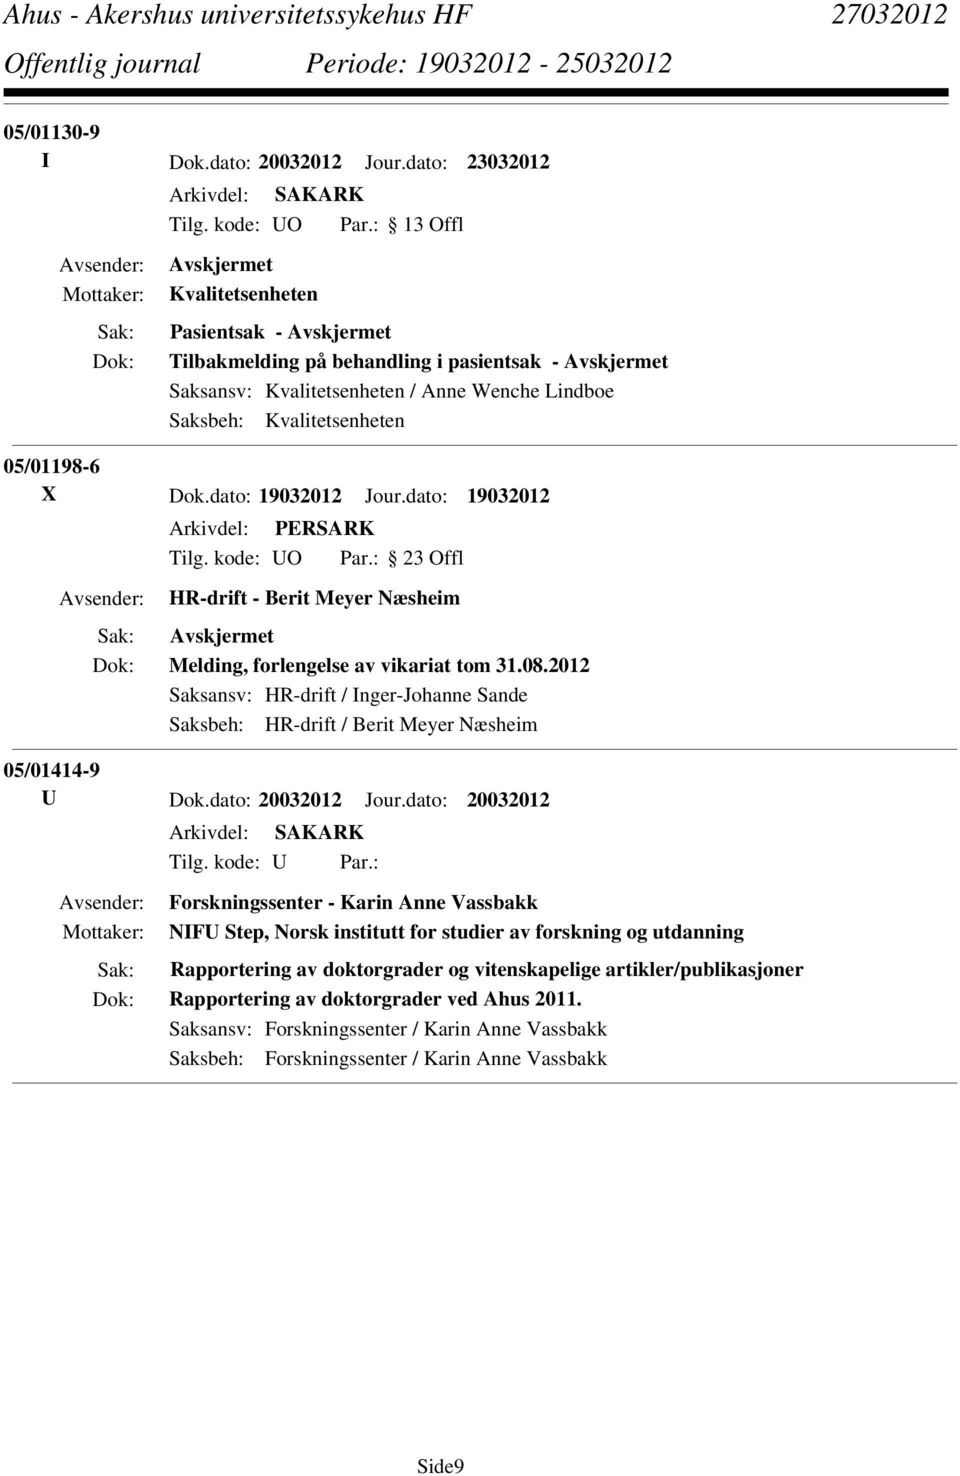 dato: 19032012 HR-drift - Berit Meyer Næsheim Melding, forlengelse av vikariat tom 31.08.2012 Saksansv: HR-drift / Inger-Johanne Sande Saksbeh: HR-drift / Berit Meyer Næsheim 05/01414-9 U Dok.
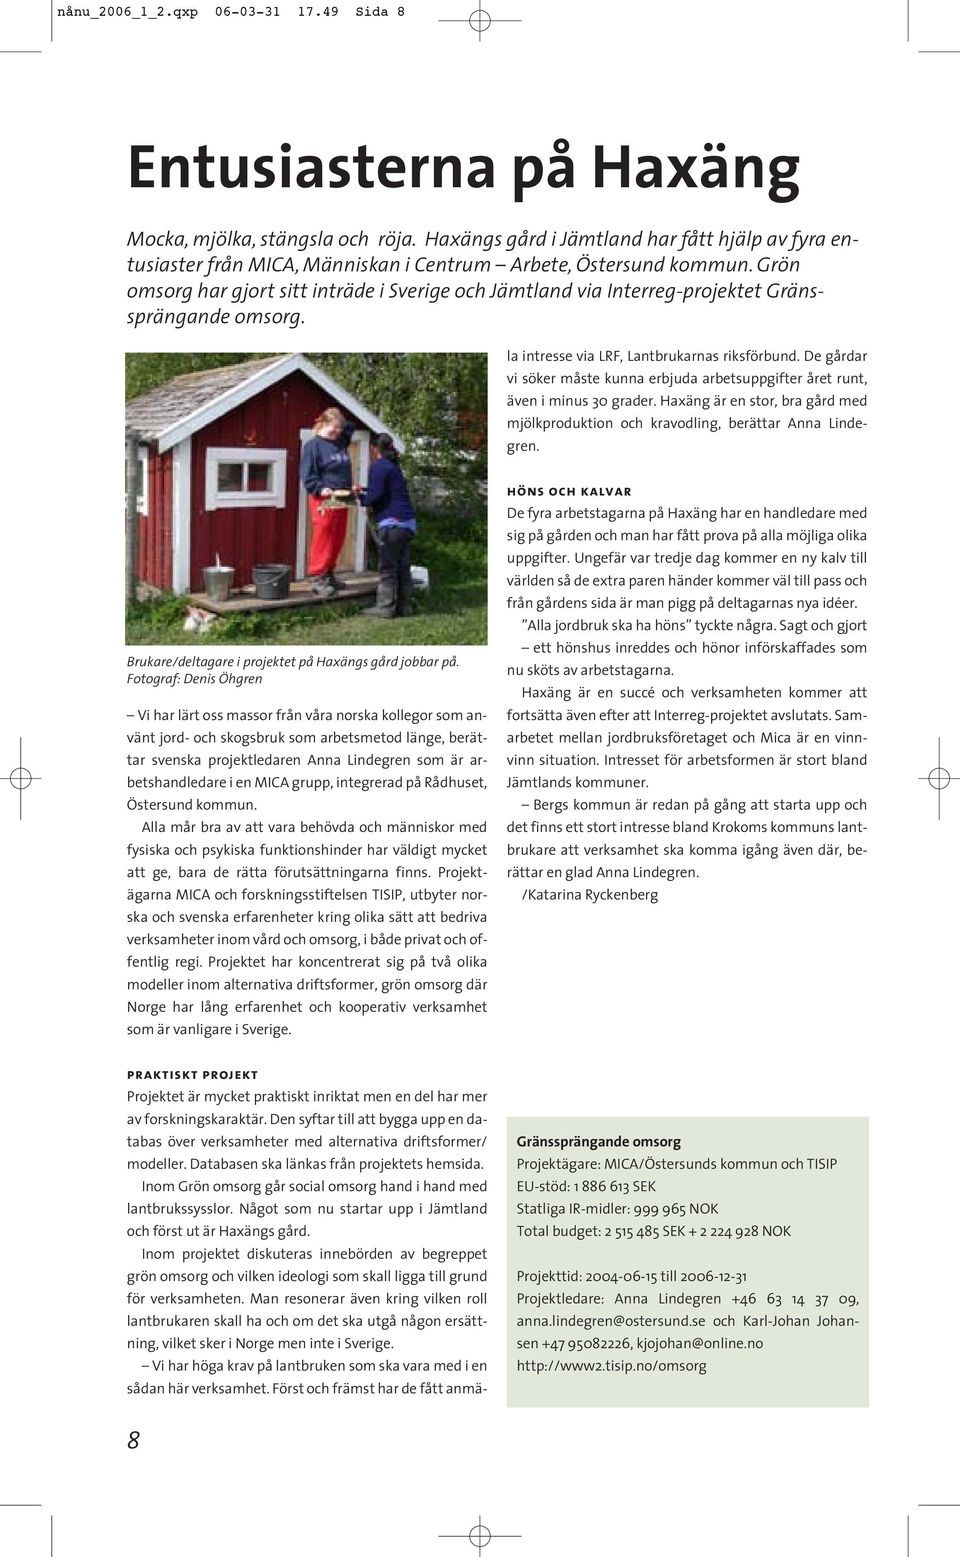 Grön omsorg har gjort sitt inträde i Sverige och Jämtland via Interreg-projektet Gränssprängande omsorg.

........

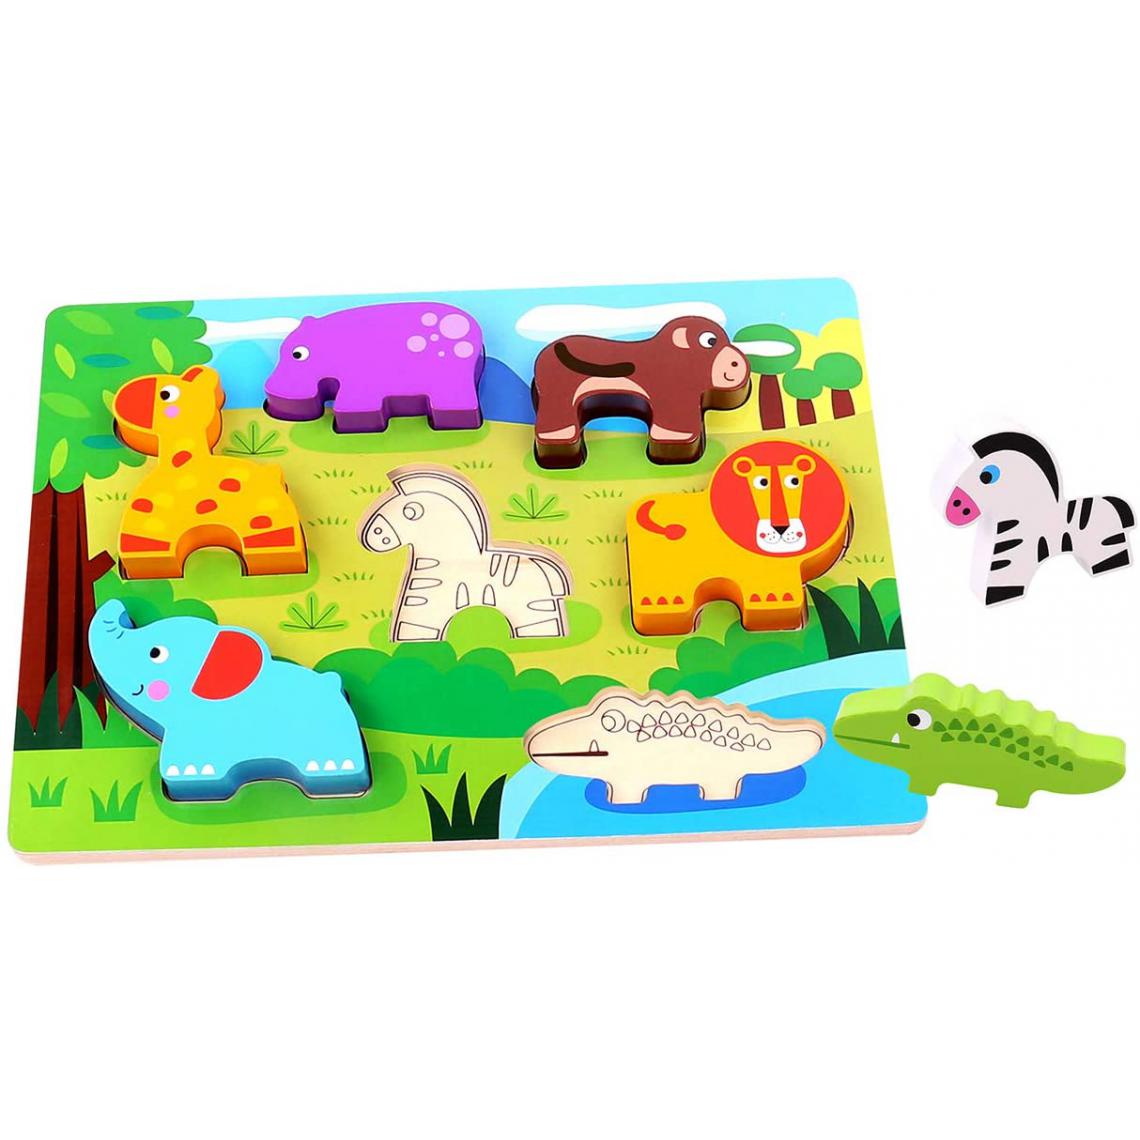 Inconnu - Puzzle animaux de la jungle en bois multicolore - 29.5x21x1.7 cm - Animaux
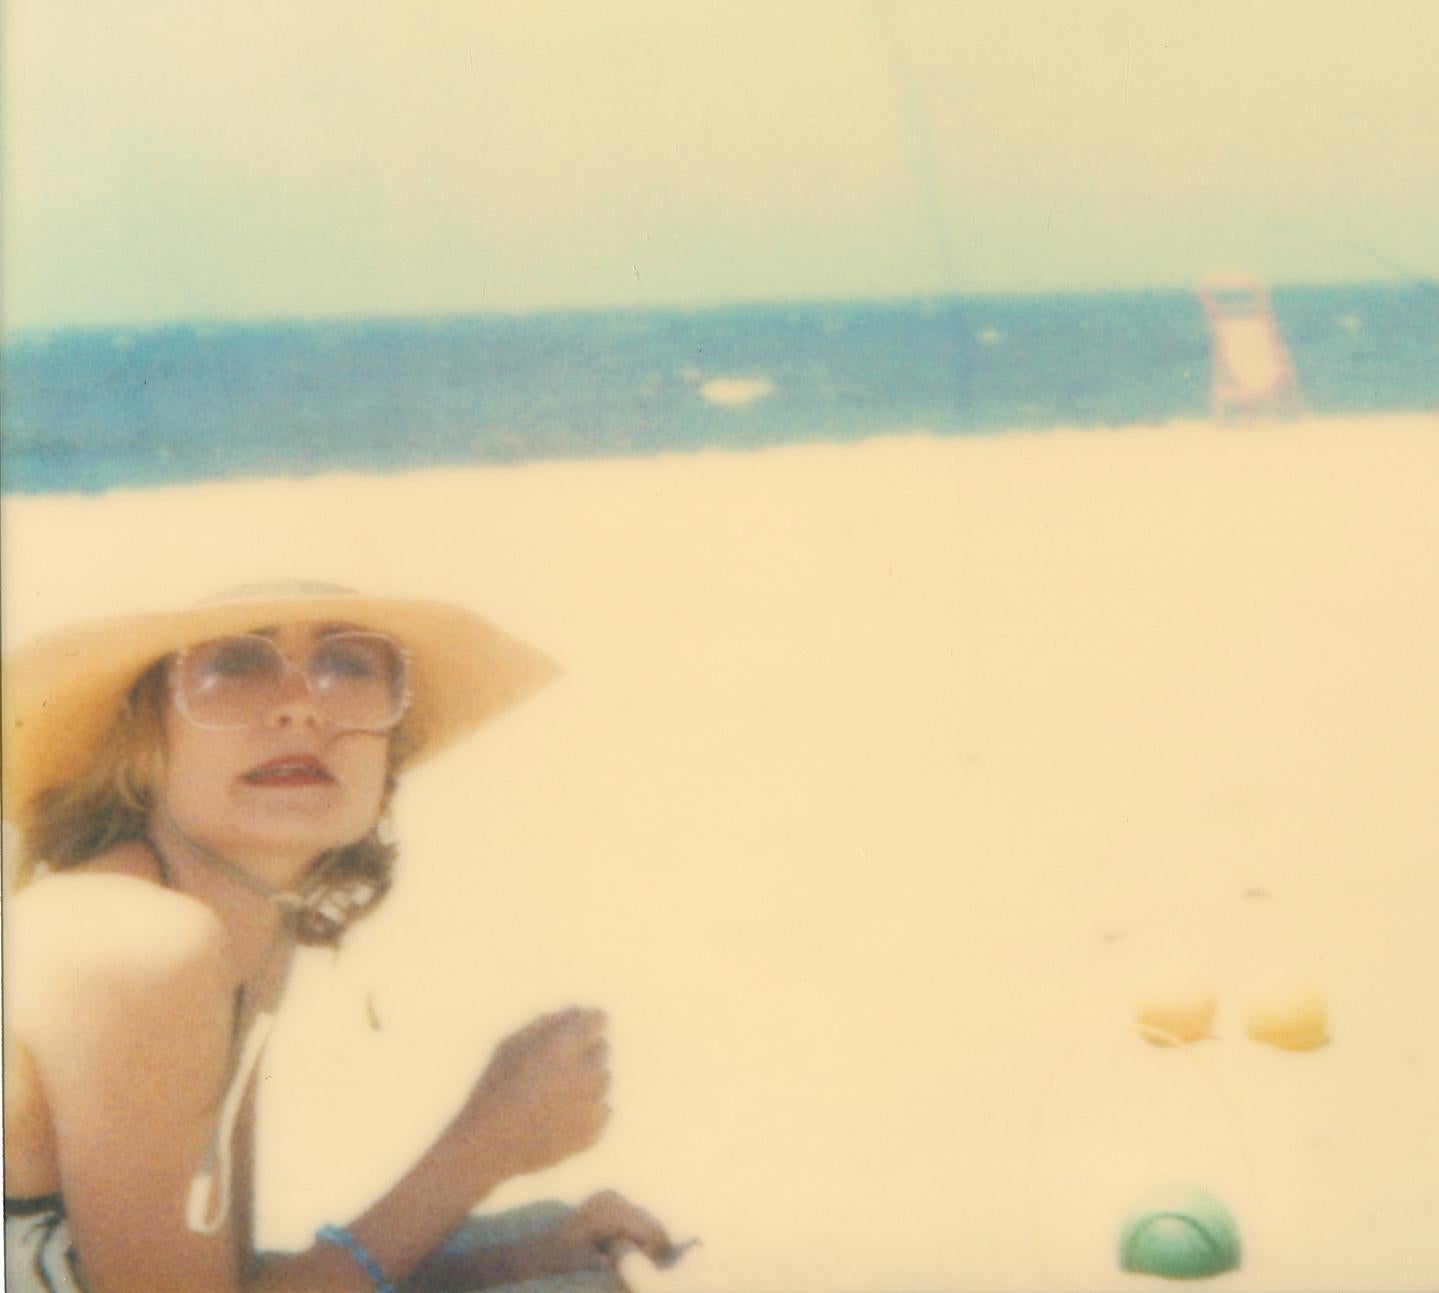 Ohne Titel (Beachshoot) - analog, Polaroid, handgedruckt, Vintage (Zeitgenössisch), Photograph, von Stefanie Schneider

........

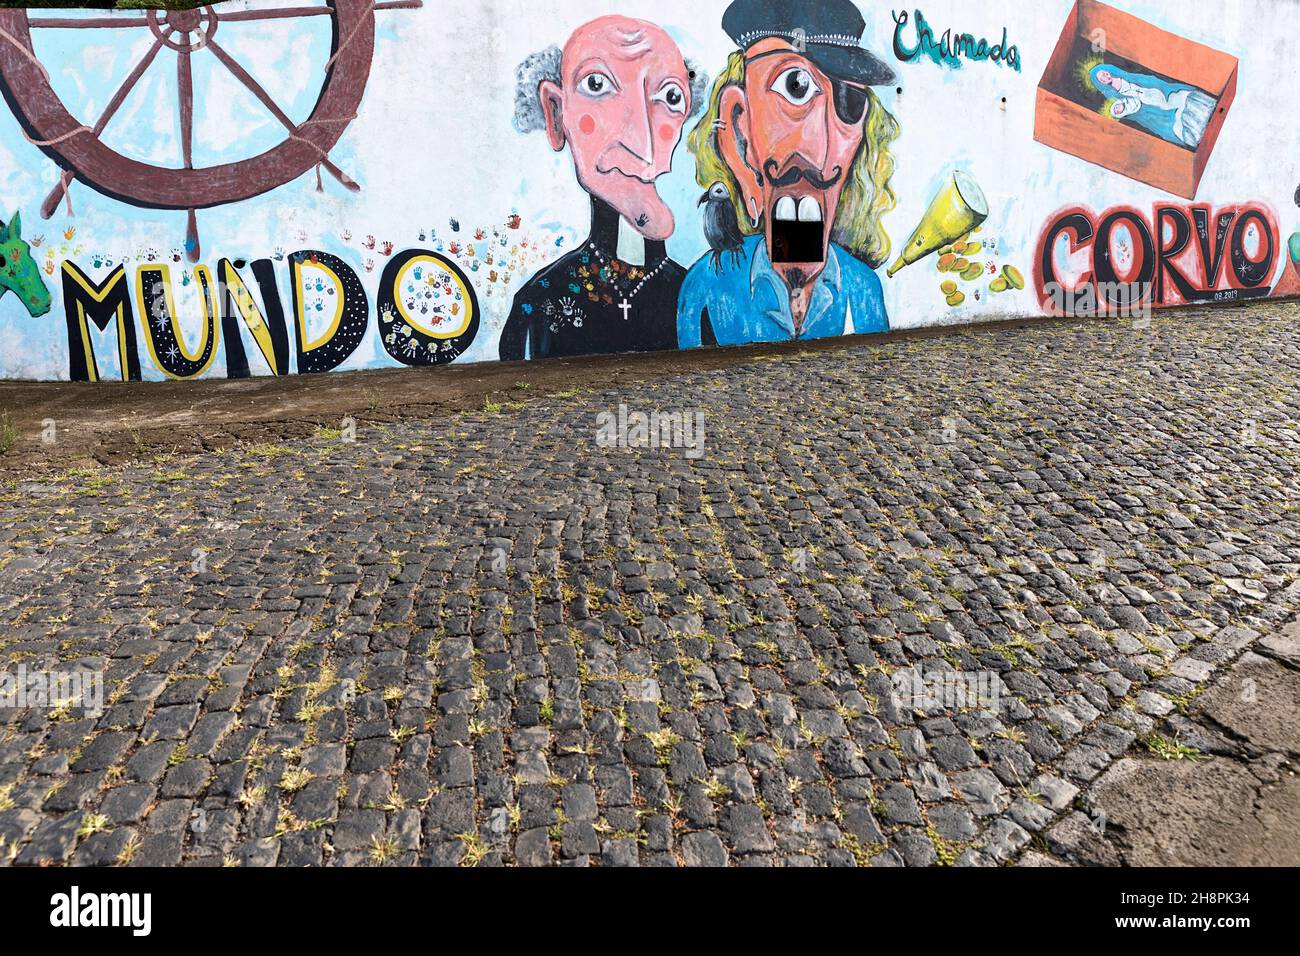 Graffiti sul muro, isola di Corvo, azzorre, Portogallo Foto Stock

........

Go back to the lines above and output, exactly as they stand, the ones from the line containing "dato: 19032012 HR-drift" to the line containing "Grön omsorg har". Leave all pictures behind.

• [SOLUTION FOR THIS TASK]
 dato: 19032012 HR-drift - Berit Meyer Næsheim Melding, forlengelse av vikariat tom 31.08.2012 Saksansv: HR-drift / Inger-Johanne Sande Saksbeh: HR-drift / Berit Meyer Næsheim 05/01414-9 U Dok.
 Grön omsorg har gjort sitt inträde i Sverige och Jämtland via Interreg-projektet Gränssprängande omsorg.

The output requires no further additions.